Software as a service is frequently offered with a “free tier” or “freemium” option for testers to evaluate the suitability for use. After that, typical billing is either per seat licensing or “pay per use”. While per-seat agreements are attractive for a fixed and predictable periodic expense, there are a few things to watch for.

1. Seat bundles. Licenses may be offered in bundles of 10, 25 or more.

2. Vendors that don’t publish hard price commitments often want to negotiate a contract commitment or upsell.

3. License renewals may not have a cap on price increases.

4. License management, making sure that every seat is filled, requires oversight.

5. Per seat licensing agreements may not easily scale up or down when demand for the service changes over time.

“Pay for use” services easily scale up or down. This reduces costs when need for the service declines, but the total cost over time may be harder to predict, harder to budget, and may wind up costing more than per seat licenses.

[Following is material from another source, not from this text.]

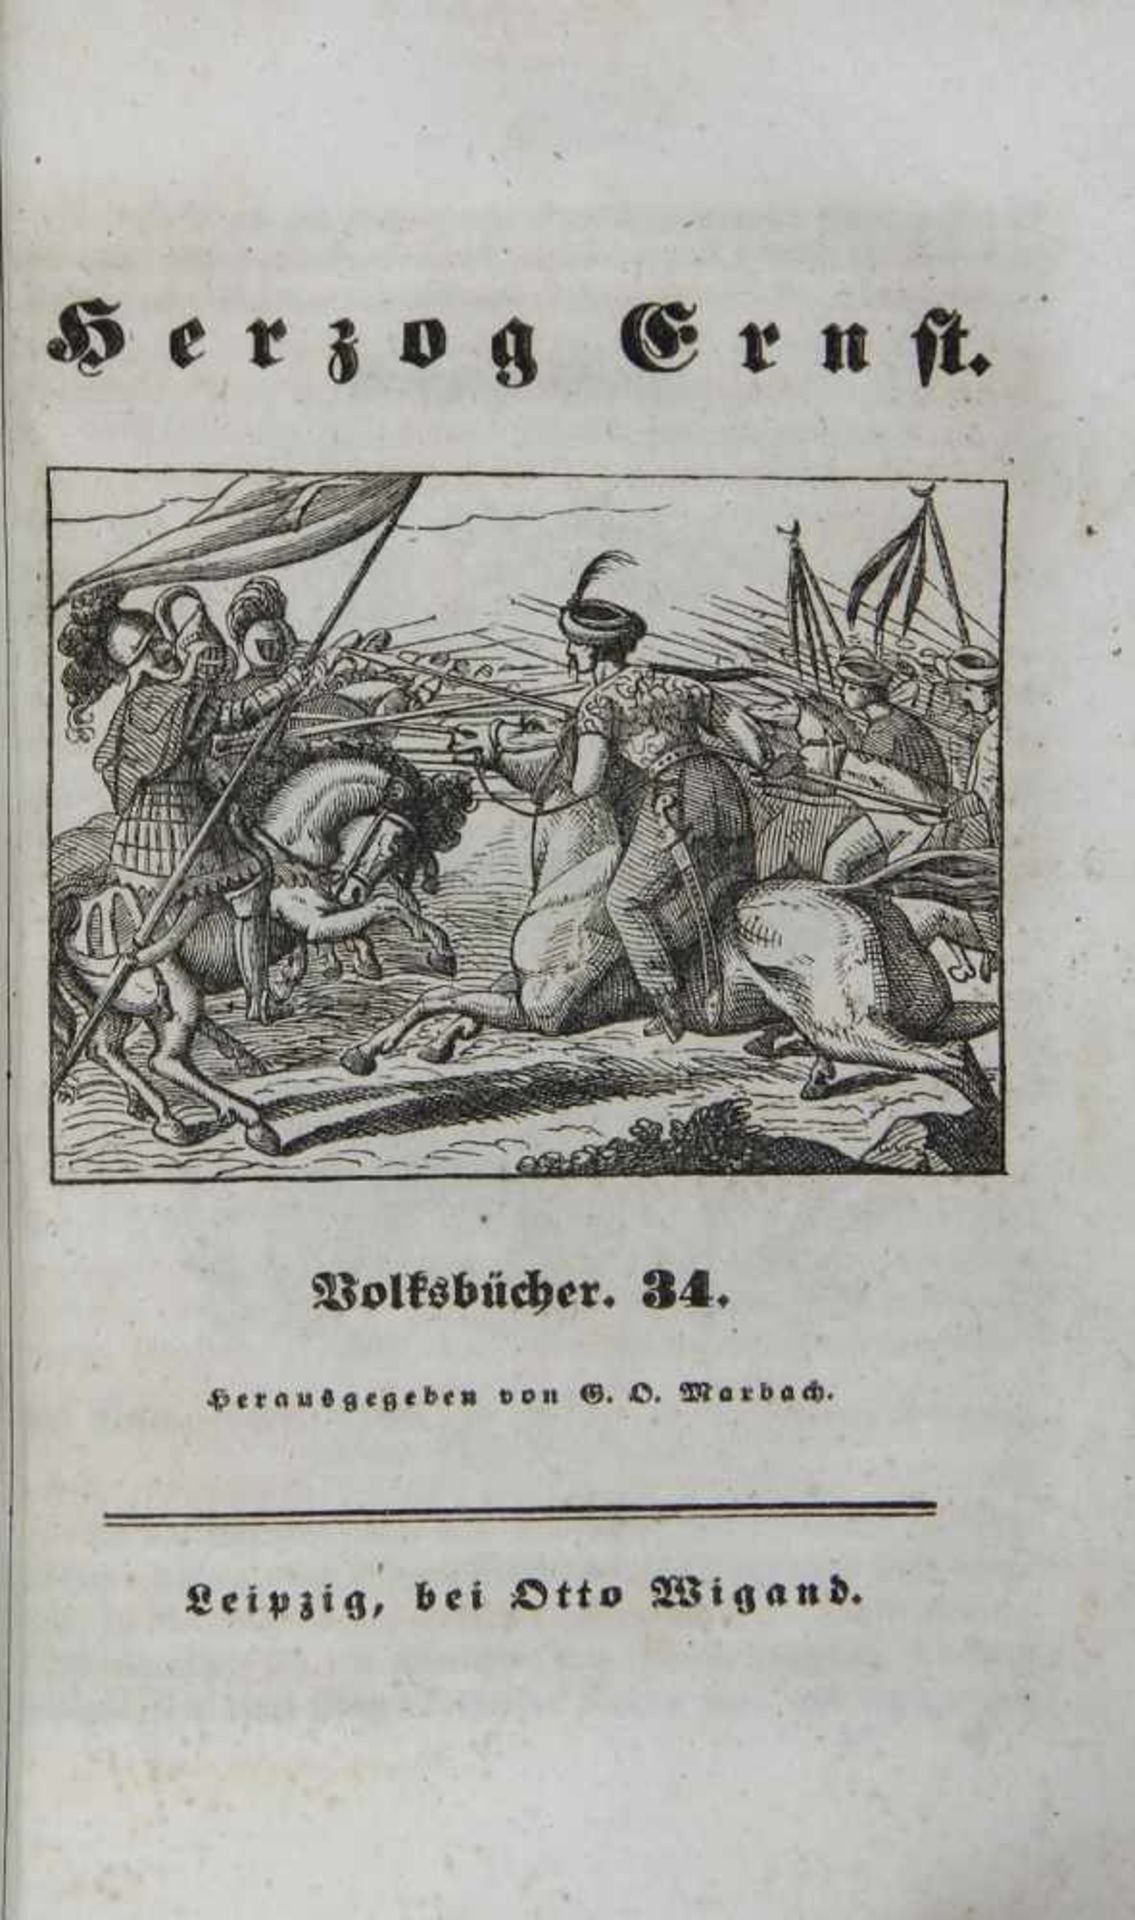 Marbach, G. O.: "Volksbücher" - Image 6 of 6

Run the numbers and model scenarios when comparing vendors with different payment models.

Final thought, always identify a primary vendor and a backup plan for cloud-based services. Know how you will route phones, emails, web traffic and where you will host servers just in case.

The largest vendors in the business will obsolete a service when it is no longer a part of their tech road map. (Microsoft SKYPE, Amazon Chime Business Calling, etc.)